BEGIN SUPPLIED INFORMATION

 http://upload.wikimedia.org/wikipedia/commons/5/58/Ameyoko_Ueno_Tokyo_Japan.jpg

END SUPPLIED INFORMATION
BEGIN SUPPLIED INFORMATION

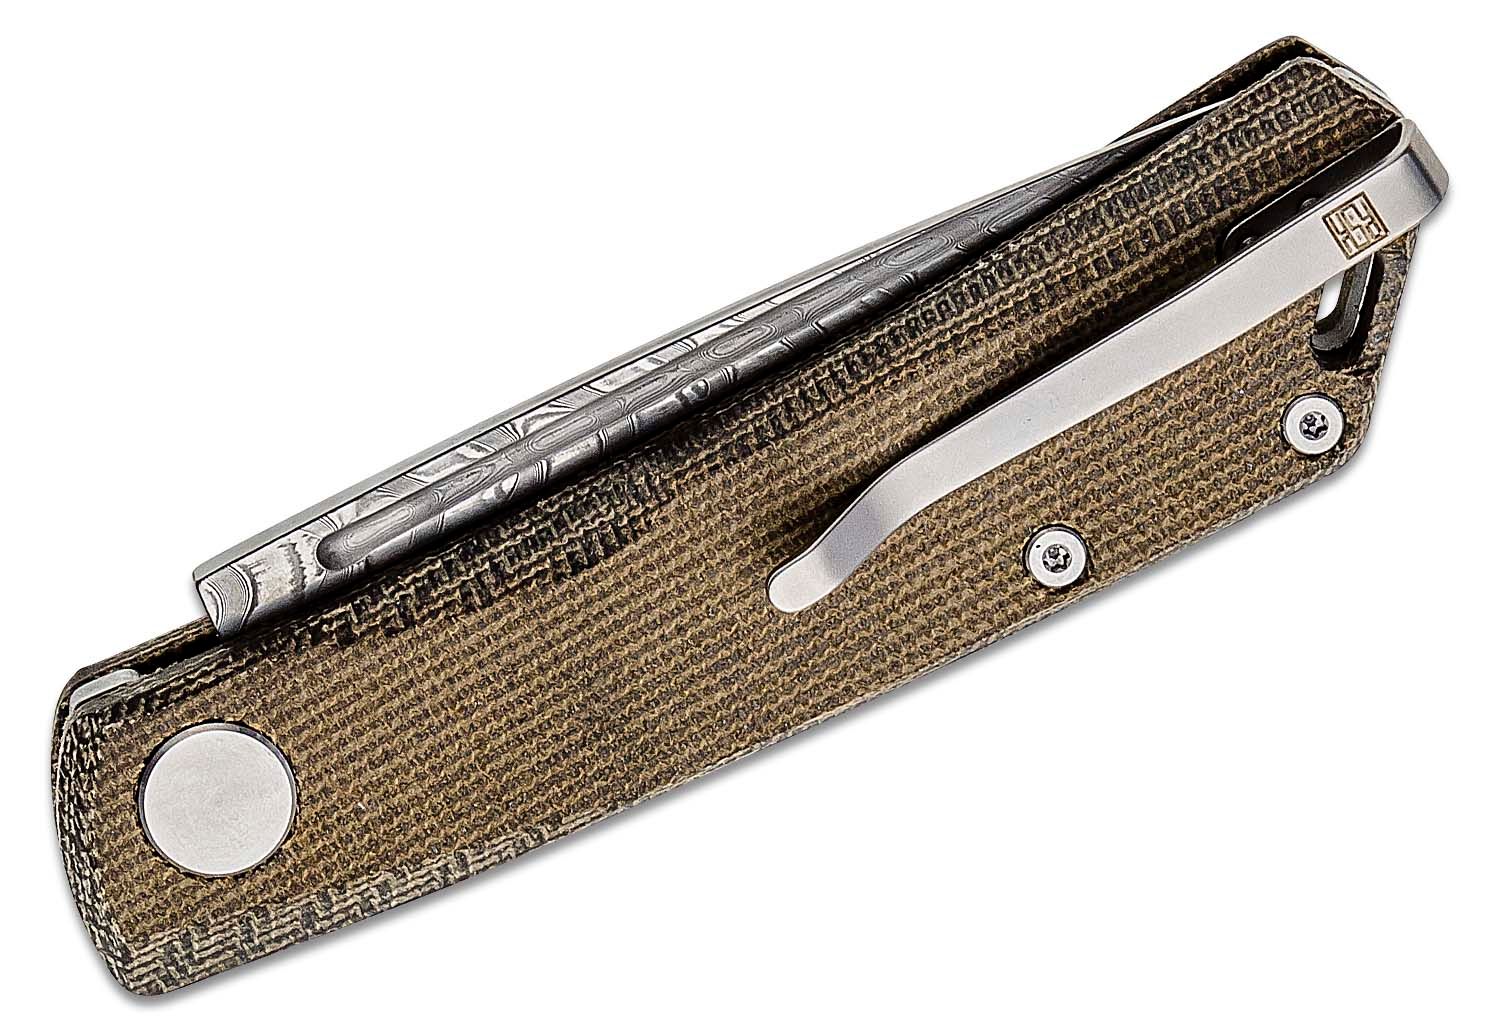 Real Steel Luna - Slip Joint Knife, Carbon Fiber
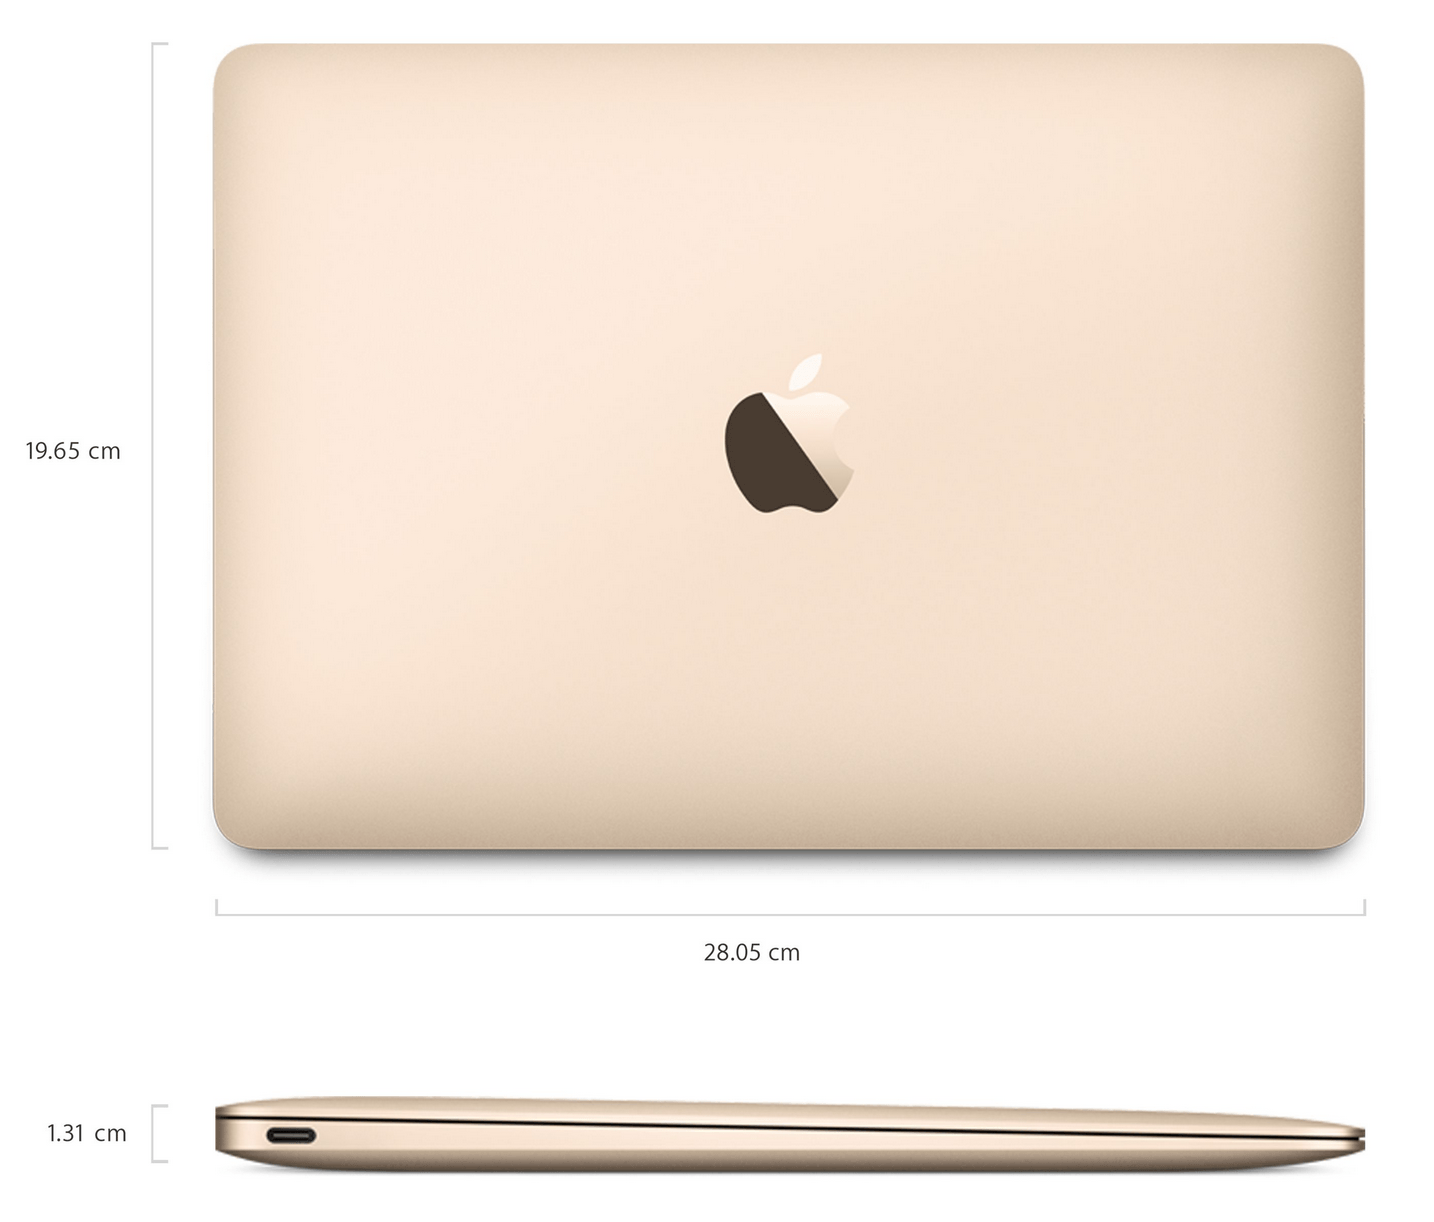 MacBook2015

END SUPPLIED INFORMATION
BEGIN SUPPLIED INFORMATION

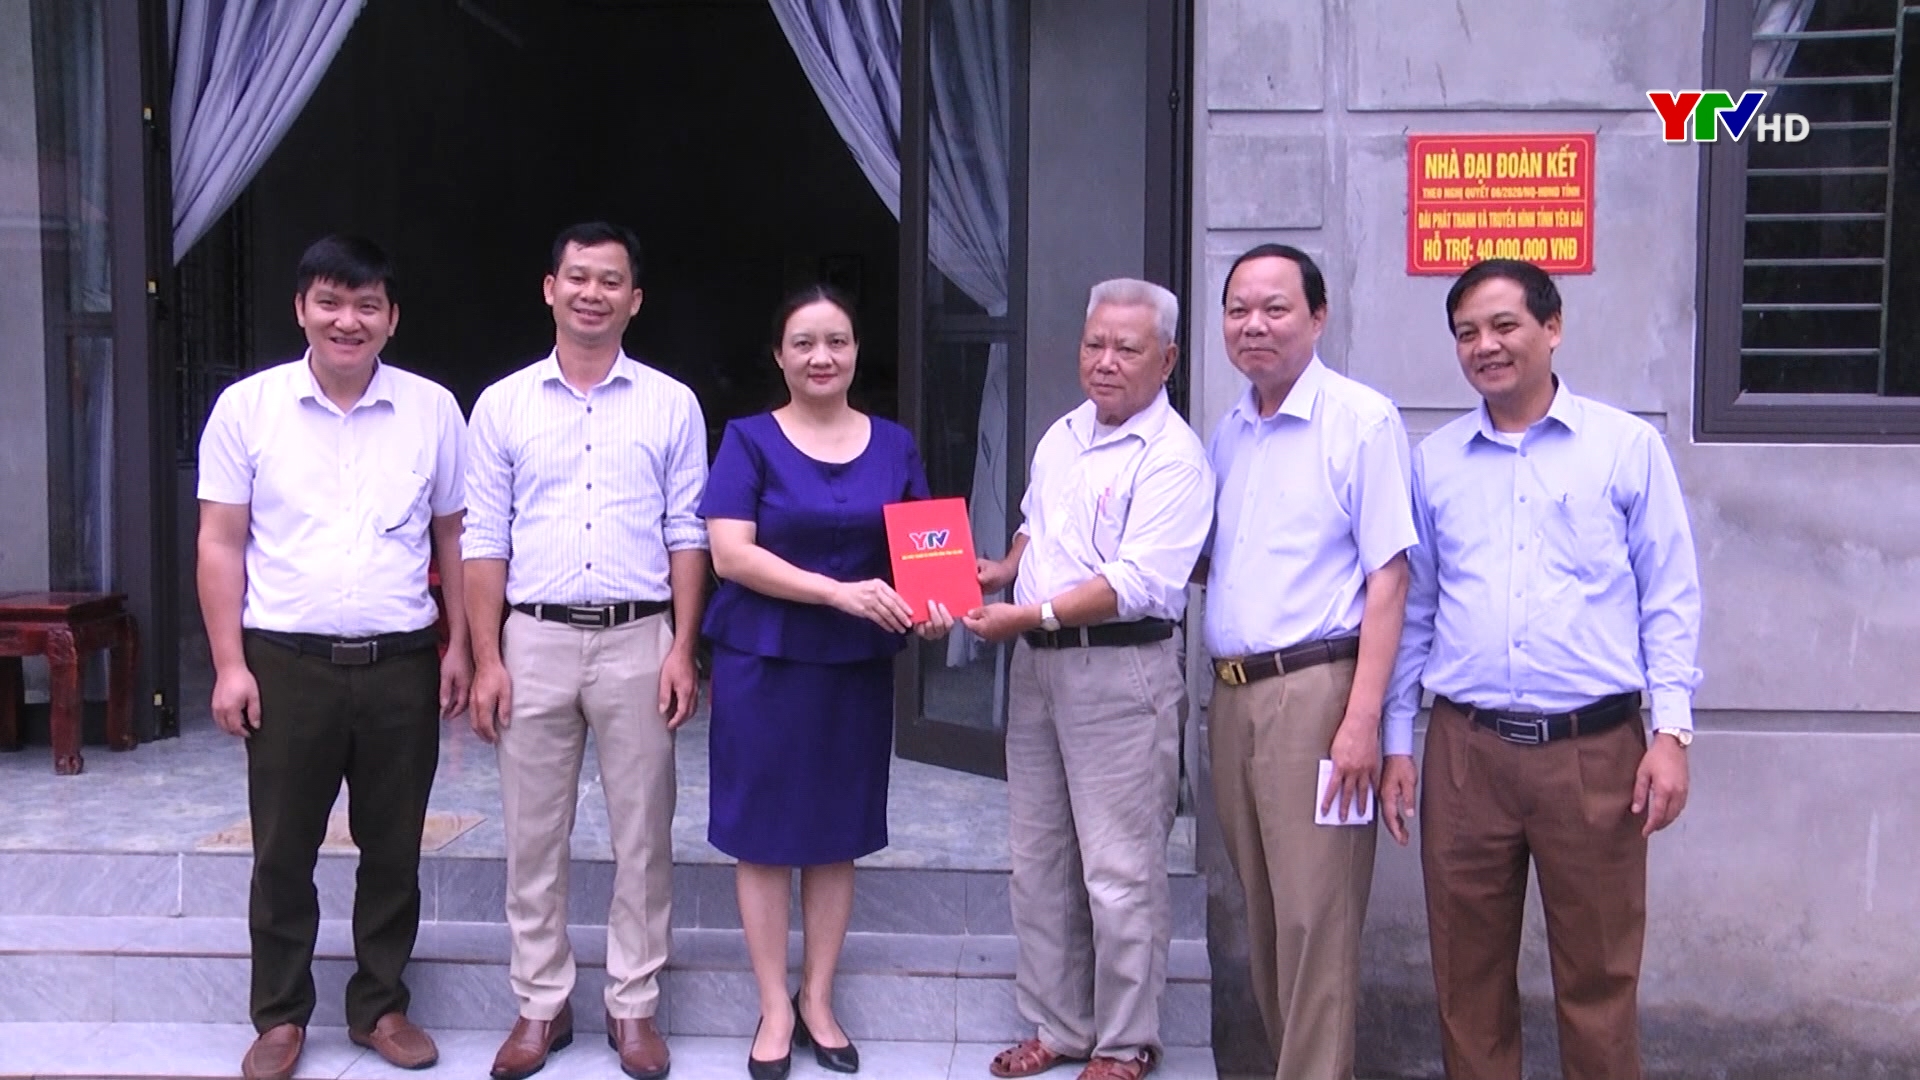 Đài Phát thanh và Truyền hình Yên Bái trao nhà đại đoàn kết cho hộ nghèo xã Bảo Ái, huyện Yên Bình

END SUPPLIED INFORMATION

» HOW TO COMPLETE THIS TASK: Taking the records above, print only and exactly the lines from the line with "Real Steel Luna" to the line with "MacBook2015", both kept, and exclude pictures.

» EXERCISE SOLUTION:
 Real Steel Luna - Slip Joint Knife, Carbon Fiber
 MacBook2015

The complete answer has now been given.